### [About this task]
Please give back, word for word, only the lines starting at the one containing "Kevin Smith, left, and" and ending at the one containing "Thatch and cob farmhouse" within the material below.

### [Dataset]
►
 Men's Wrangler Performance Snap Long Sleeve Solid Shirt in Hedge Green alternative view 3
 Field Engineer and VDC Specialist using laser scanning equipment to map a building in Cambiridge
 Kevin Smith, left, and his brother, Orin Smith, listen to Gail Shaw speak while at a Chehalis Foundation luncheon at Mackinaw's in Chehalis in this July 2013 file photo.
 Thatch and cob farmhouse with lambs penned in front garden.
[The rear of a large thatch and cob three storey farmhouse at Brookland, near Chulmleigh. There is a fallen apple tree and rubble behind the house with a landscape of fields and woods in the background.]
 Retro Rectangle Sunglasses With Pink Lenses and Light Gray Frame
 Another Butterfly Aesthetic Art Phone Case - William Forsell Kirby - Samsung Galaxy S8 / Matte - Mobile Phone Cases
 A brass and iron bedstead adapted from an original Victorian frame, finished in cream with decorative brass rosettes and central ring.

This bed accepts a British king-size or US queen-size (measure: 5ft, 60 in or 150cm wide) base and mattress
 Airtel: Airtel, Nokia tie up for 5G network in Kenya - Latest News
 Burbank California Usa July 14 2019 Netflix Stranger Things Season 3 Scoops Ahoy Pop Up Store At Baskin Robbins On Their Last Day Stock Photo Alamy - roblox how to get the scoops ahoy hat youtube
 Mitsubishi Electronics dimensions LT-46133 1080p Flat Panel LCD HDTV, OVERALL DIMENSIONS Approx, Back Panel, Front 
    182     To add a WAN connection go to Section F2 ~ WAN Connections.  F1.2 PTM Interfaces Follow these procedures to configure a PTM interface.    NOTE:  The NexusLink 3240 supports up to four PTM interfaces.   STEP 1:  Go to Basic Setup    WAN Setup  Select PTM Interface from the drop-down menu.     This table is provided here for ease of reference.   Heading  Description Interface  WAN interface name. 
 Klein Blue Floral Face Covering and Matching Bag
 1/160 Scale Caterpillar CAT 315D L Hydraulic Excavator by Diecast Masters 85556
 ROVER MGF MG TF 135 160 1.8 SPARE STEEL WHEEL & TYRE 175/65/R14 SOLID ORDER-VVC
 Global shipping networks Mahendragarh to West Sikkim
◄
### [Exercise solution]
 Kevin Smith, left, and his brother, Orin Smith, listen to Gail Shaw speak while at a Chehalis Foundation luncheon at Mackinaw's in Chehalis in this July 2013 file photo.
 Thatch and cob farmhouse with lambs penned in front garden.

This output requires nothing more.